» AIM OF THE EXERCISE: Your task is to transcribe all of the data below exactly, omitting the images.

» DATA PROVIDED:
———
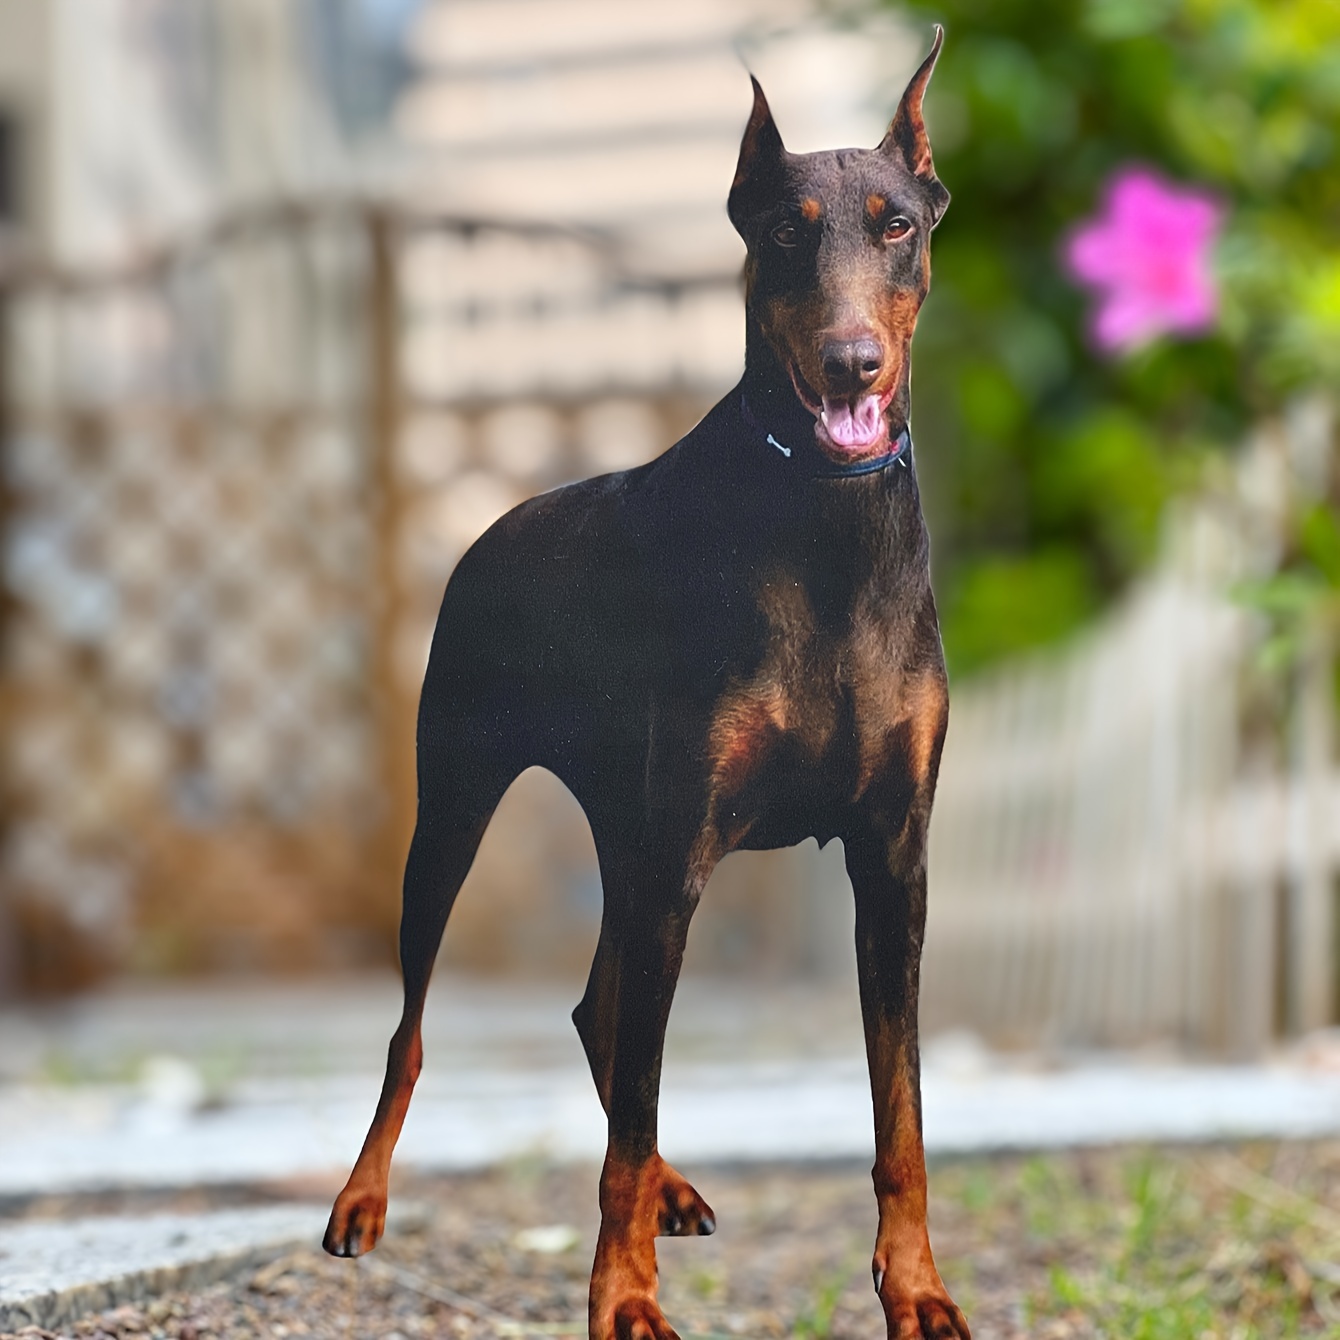 

1pc Classic Doberman Pinscher Dog Acrylic Garden Stake, Animal Theme Outdoor Decor For Flag Day, Durable Lawn Ornament With No Electricity Or Battery Required
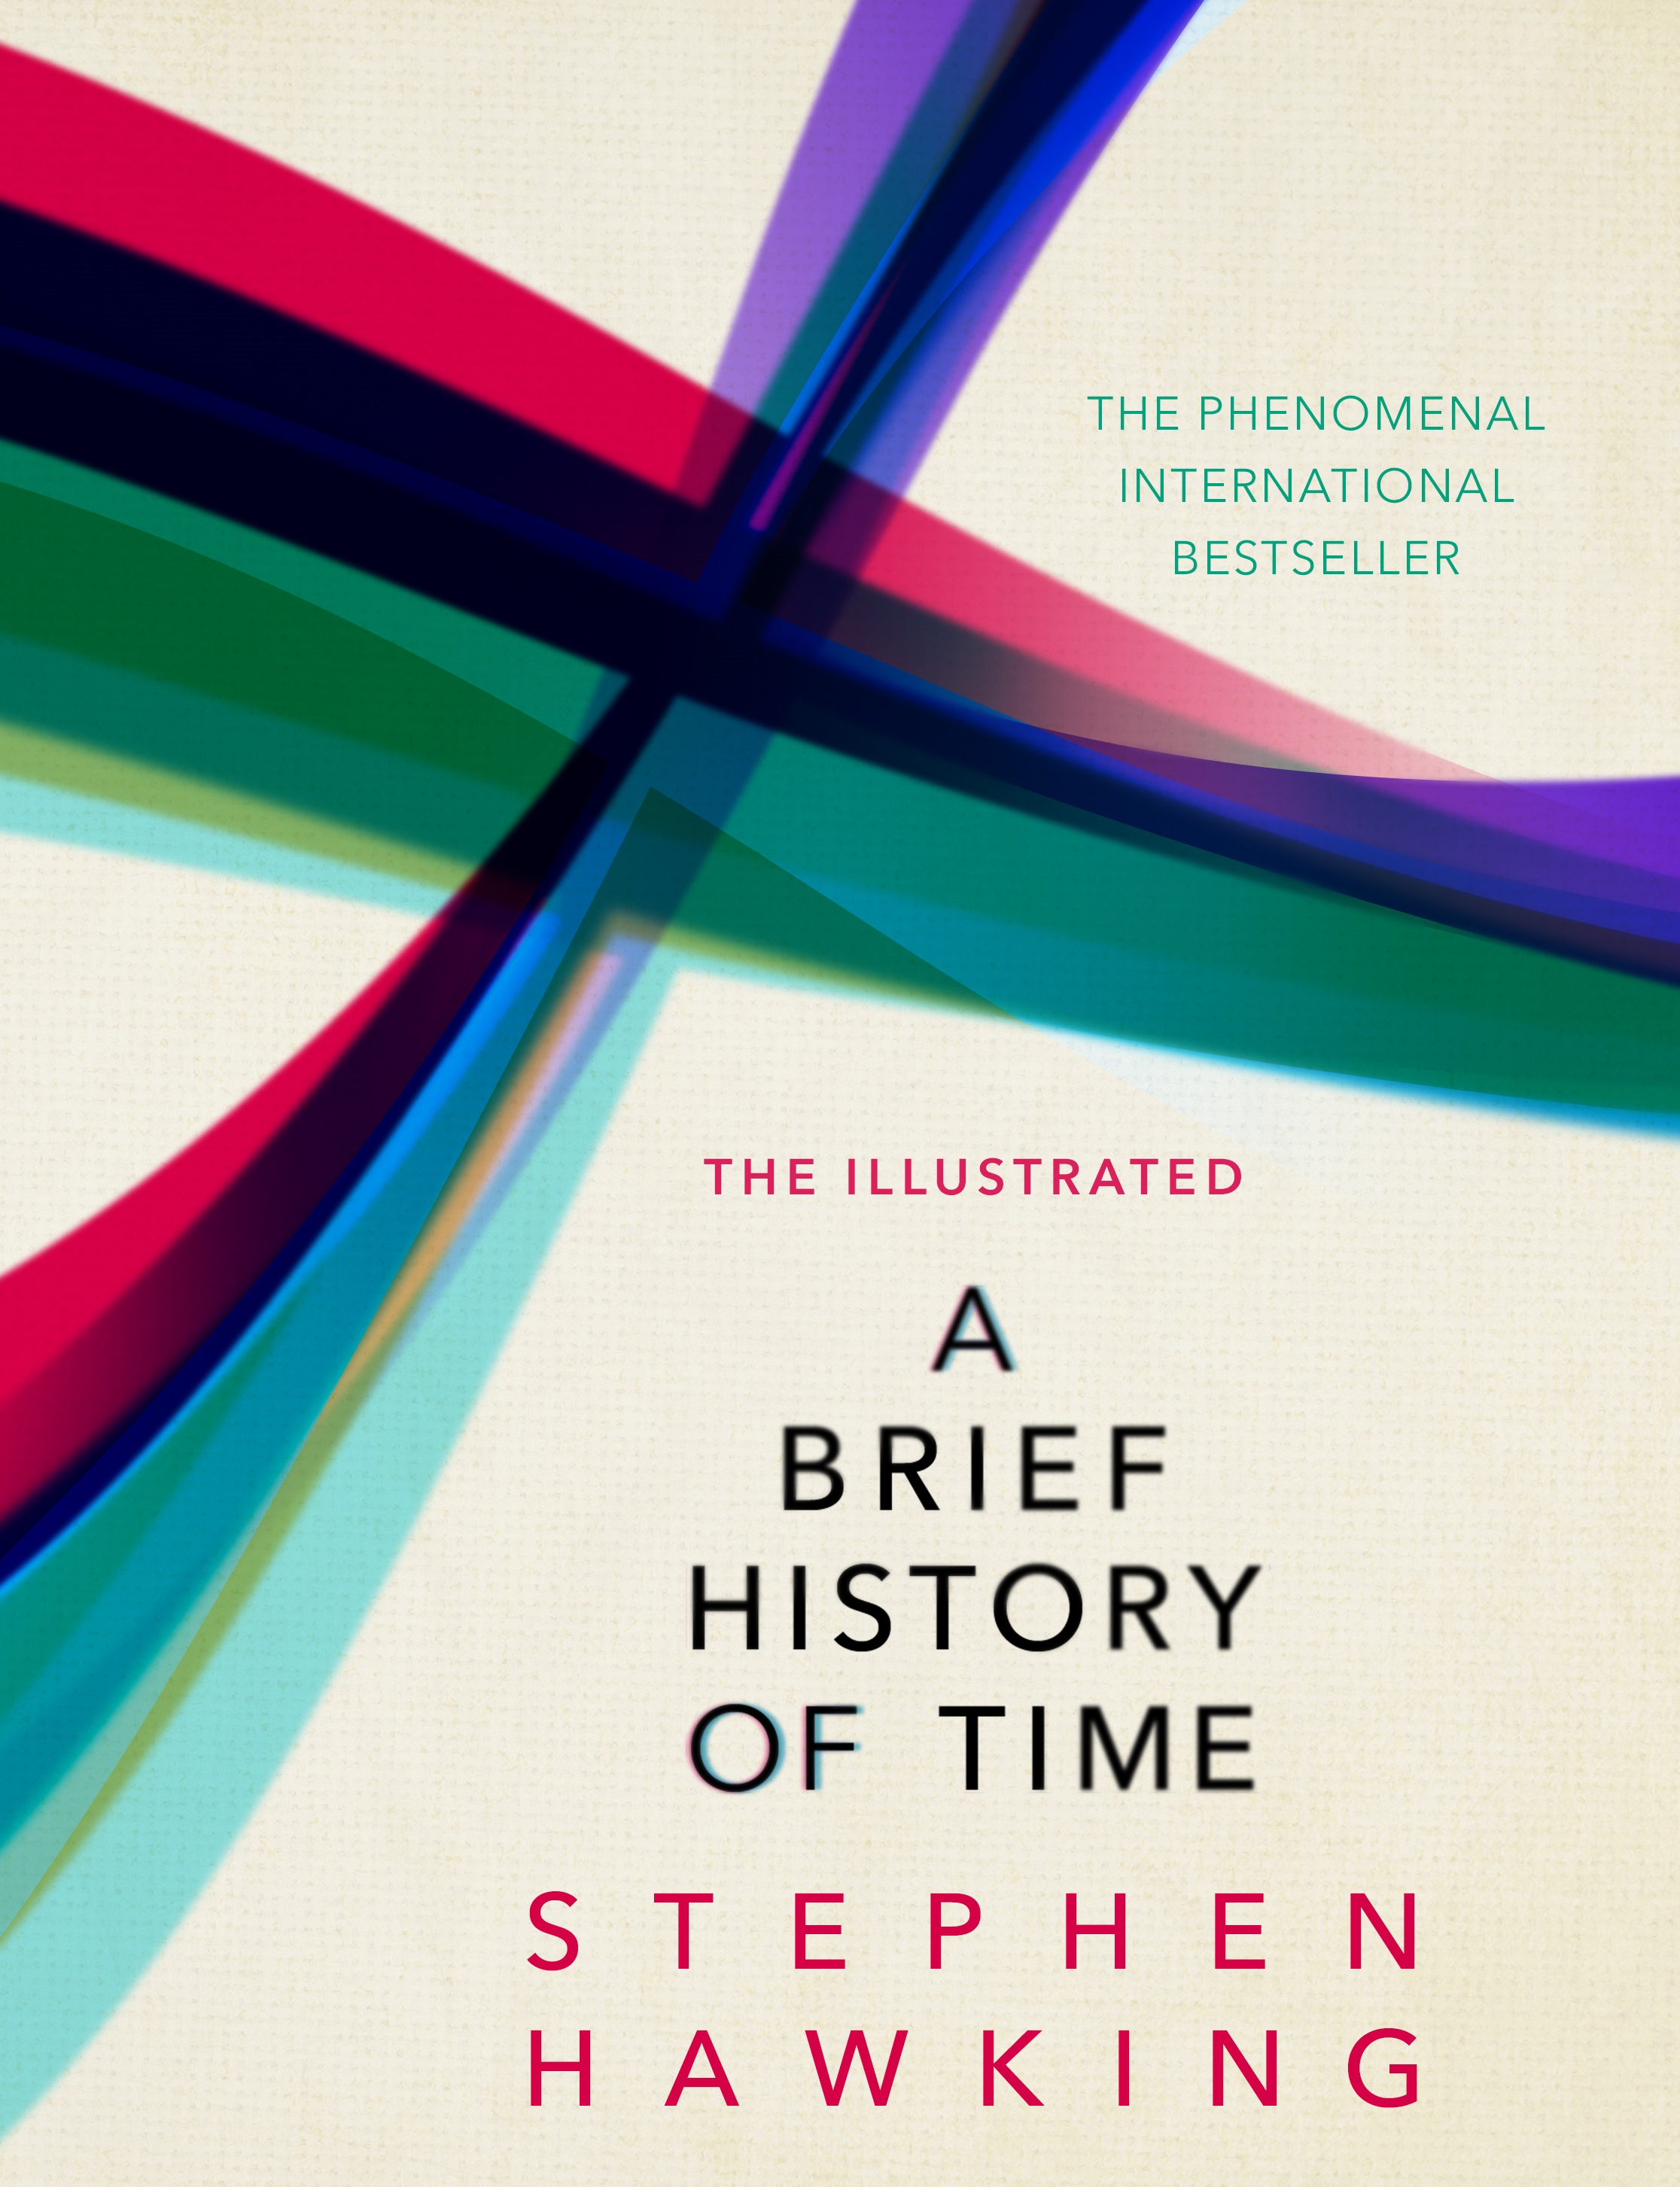 the illustrated brief history of time download
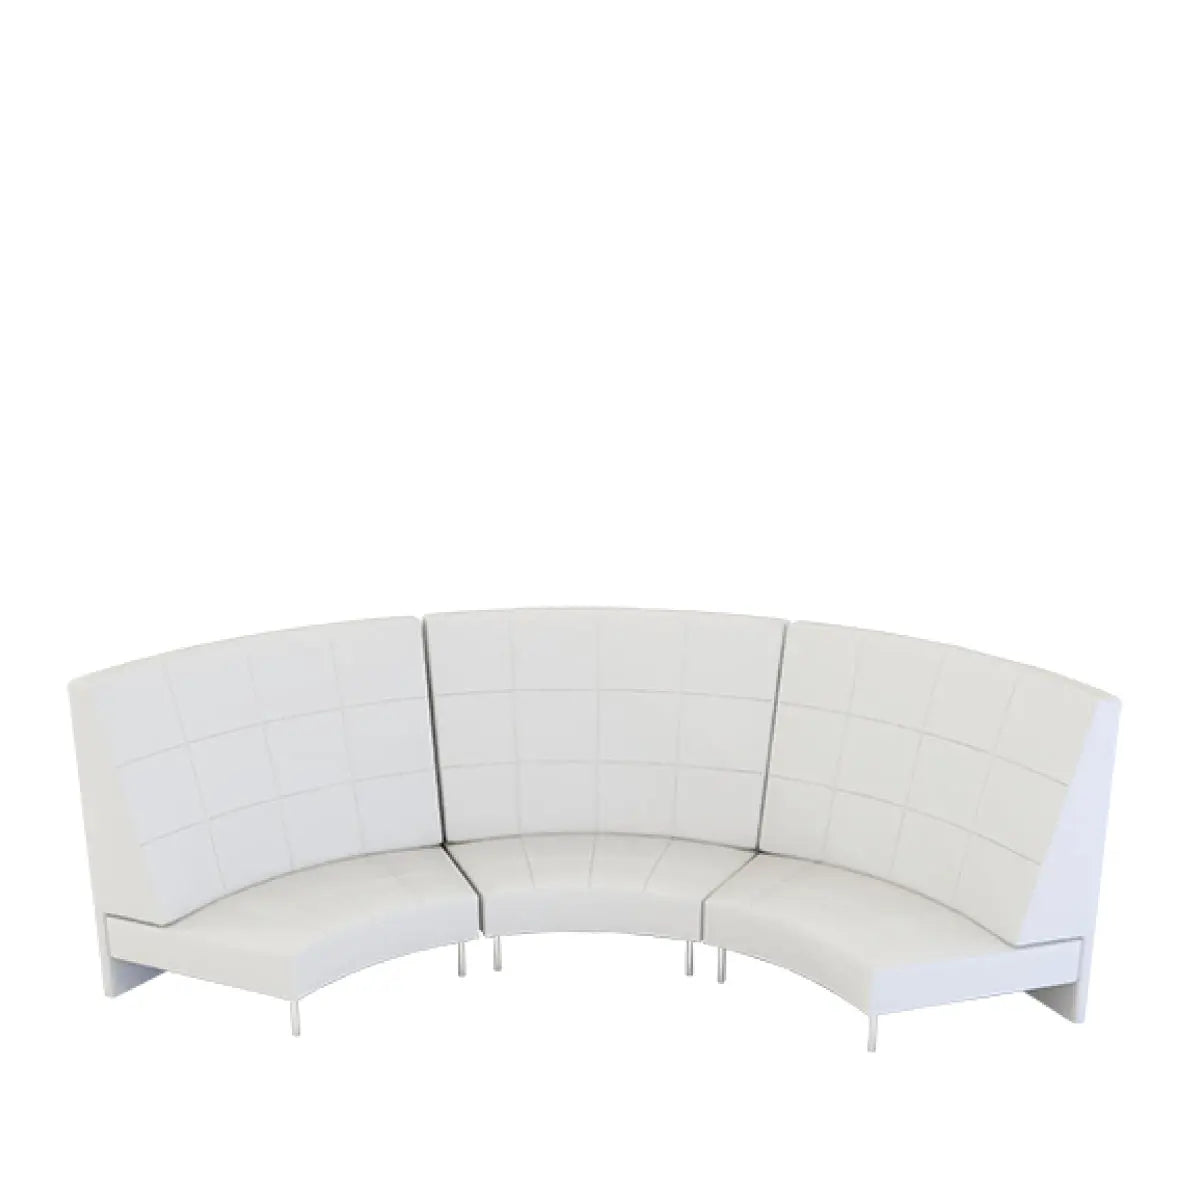 Endless 6 seater curved sofa with large high back Desert River Rentals
———
» OUTPUT:
1pc Classic Doberman Pinscher Dog Acrylic Garden Stake, Animal Theme Outdoor Decor For Flag Day, Durable Lawn Ornament With No Electricity Or Battery Required
 the illustrated brief history of time download
 Endless 6 seater curved sofa with large high back Desert River Rentals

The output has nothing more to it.